━━━ Dataset content ━━━
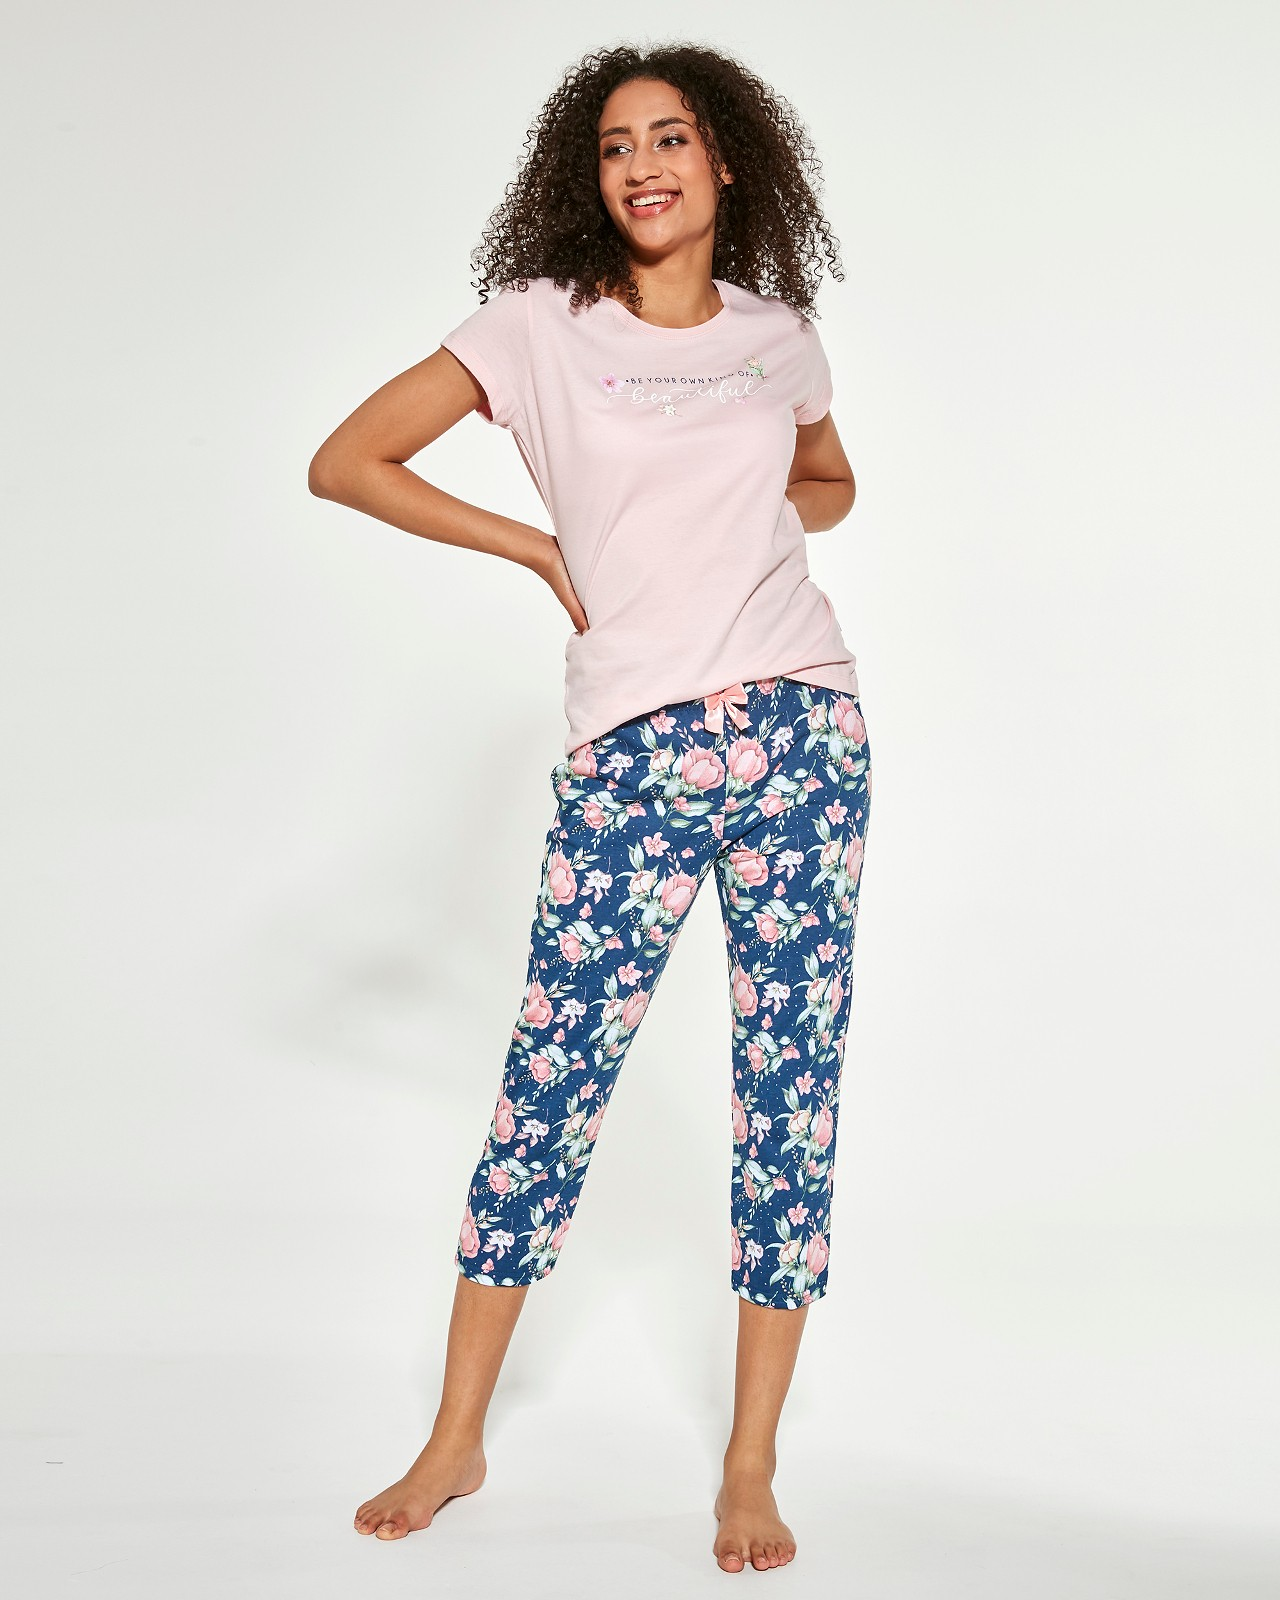 Trojdielne dámske pyžamo Cornette 466/281 Beautiful kr / r ružový M
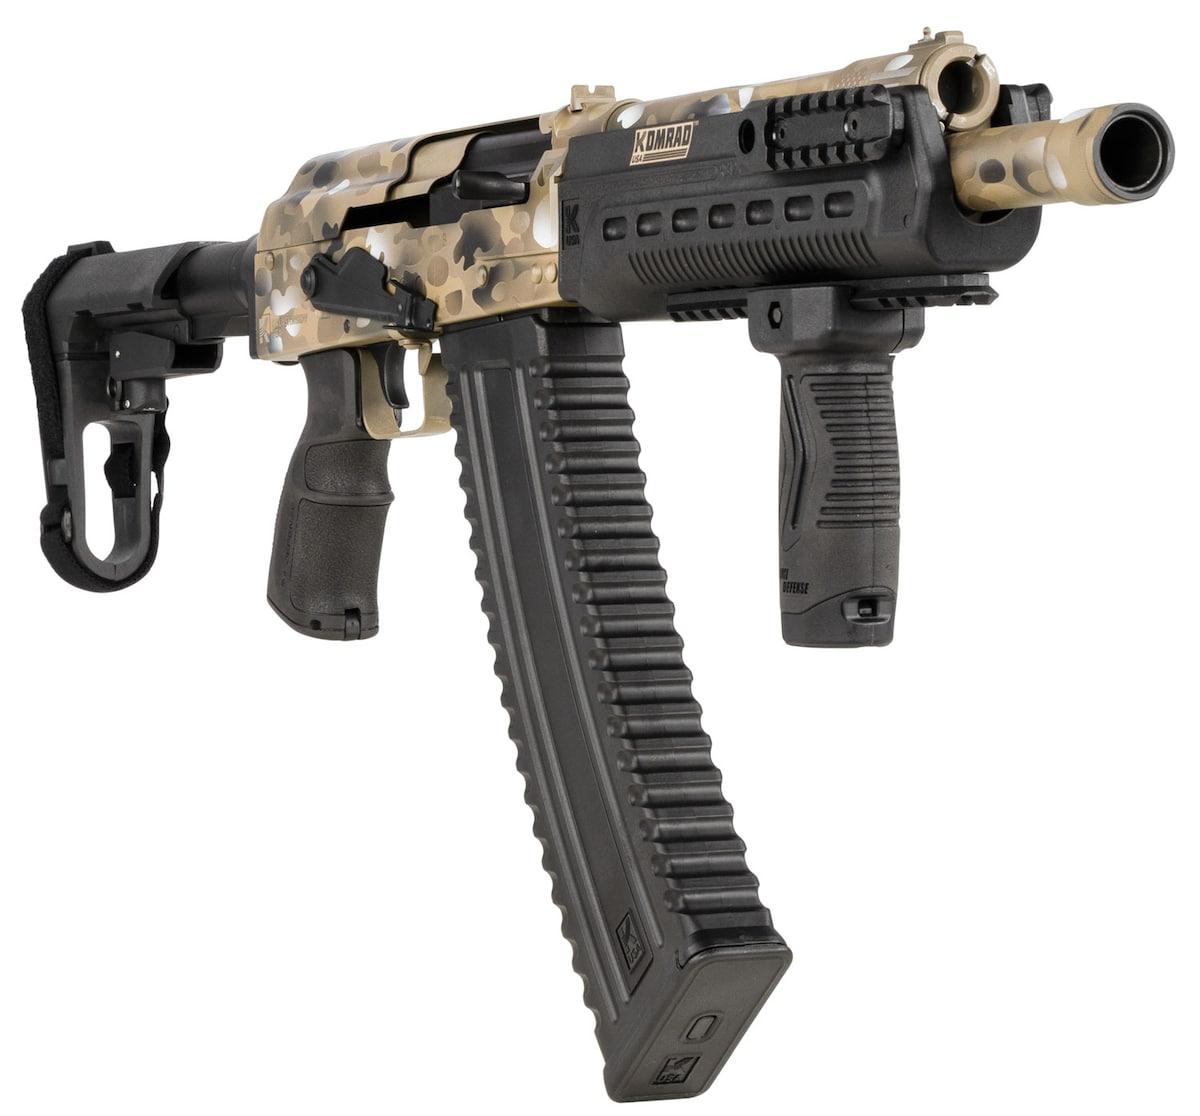 Kalashnikov Usa Komrad - For Sale - New :: Guns.com
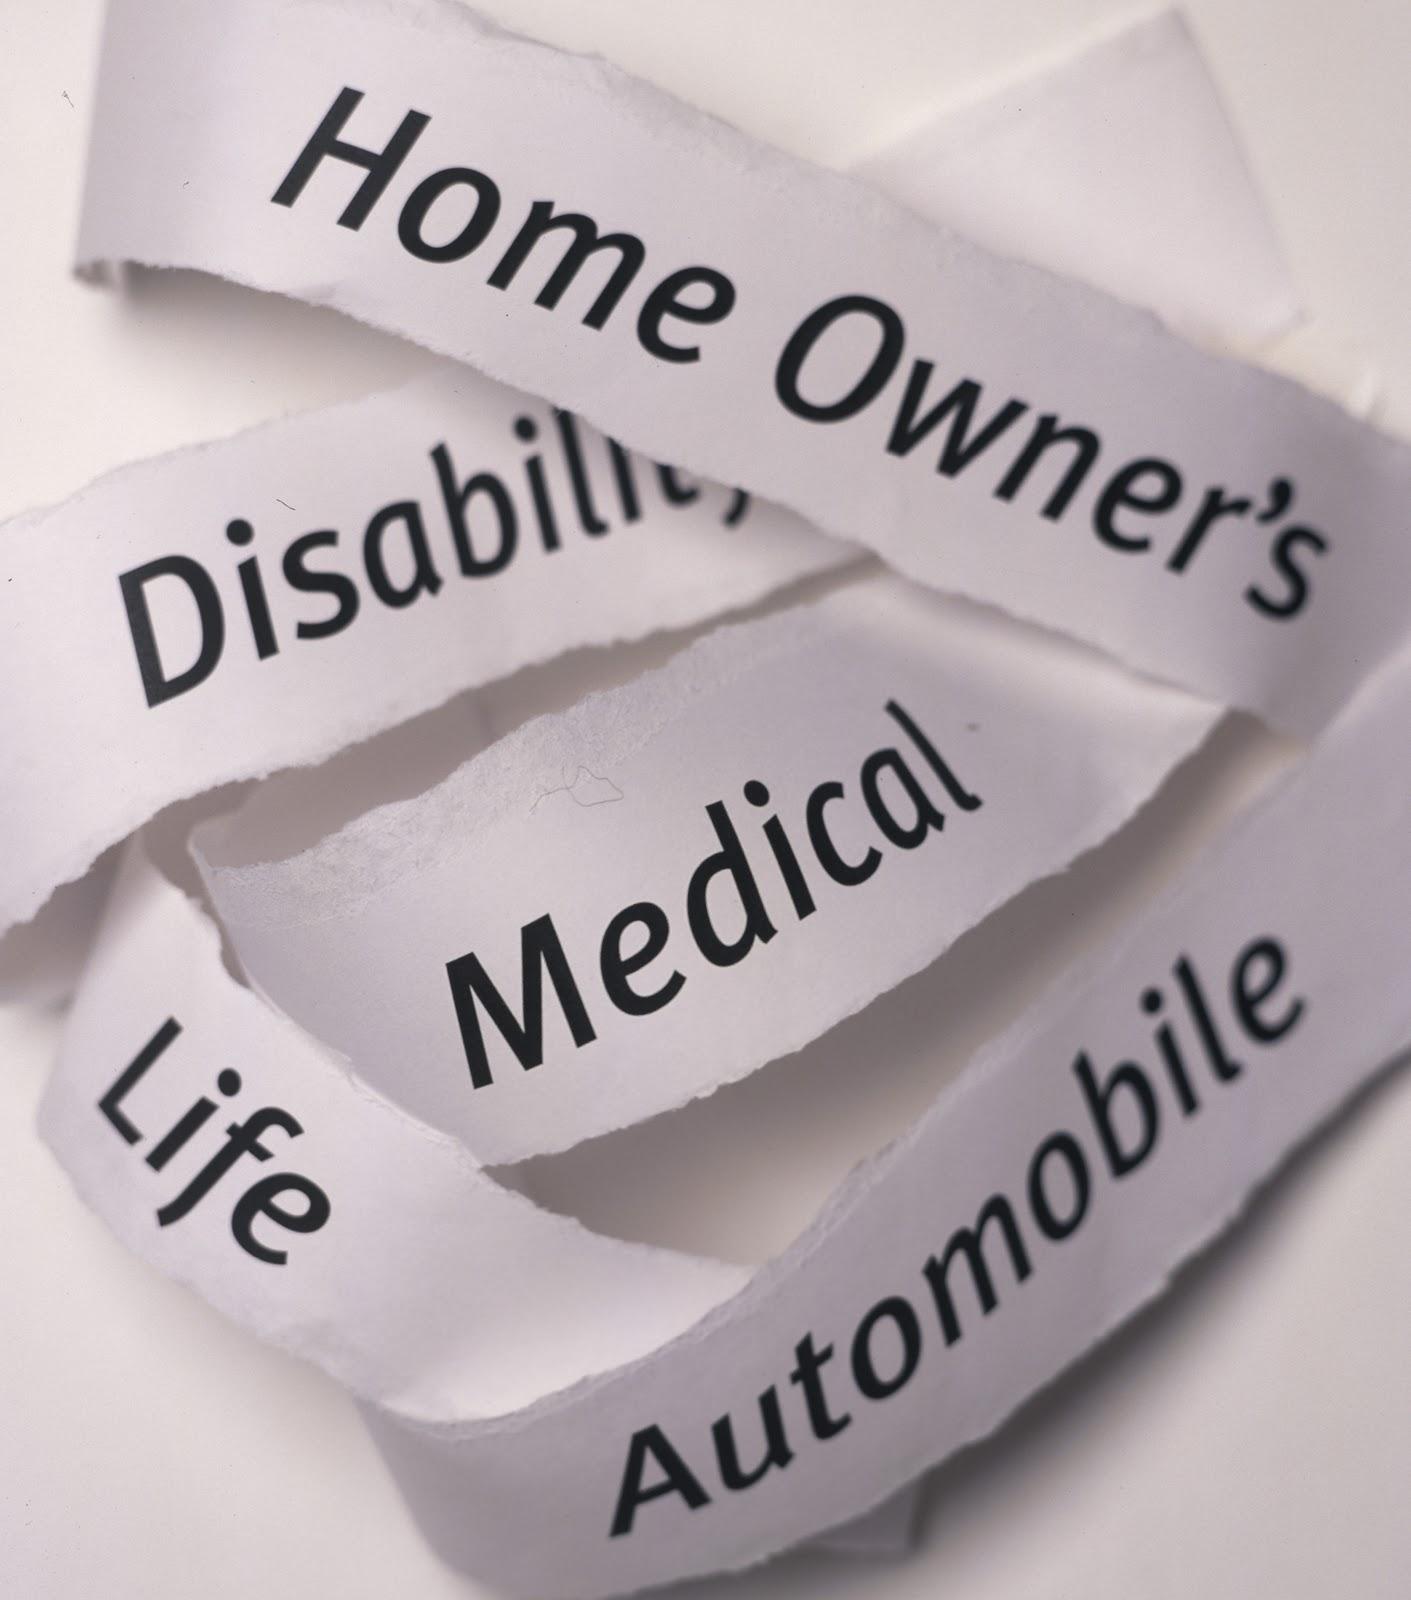 http://2.bp.blogspot.com/_r187mq3J5-M/TSjqxWFZmZI/AAAAAAAAA2E/96PuDL6wZ6U/s1600/Medical-Insurance.jpg
━━━
Problem description:
Print the listing word for word but skip its pictures.

Problem solution:
 Trojdielne dámske pyžamo Cornette 466/281 Beautiful kr / r ružový M
 Kalashnikov Usa Komrad - For Sale - New :: Guns.com
 http://2.bp.blogspot.com/_r187mq3J5-M/TSjqxWFZmZI/AAAAAAAAA2E/96PuDL6wZ6U/s1600/Medical-Insurance.jpg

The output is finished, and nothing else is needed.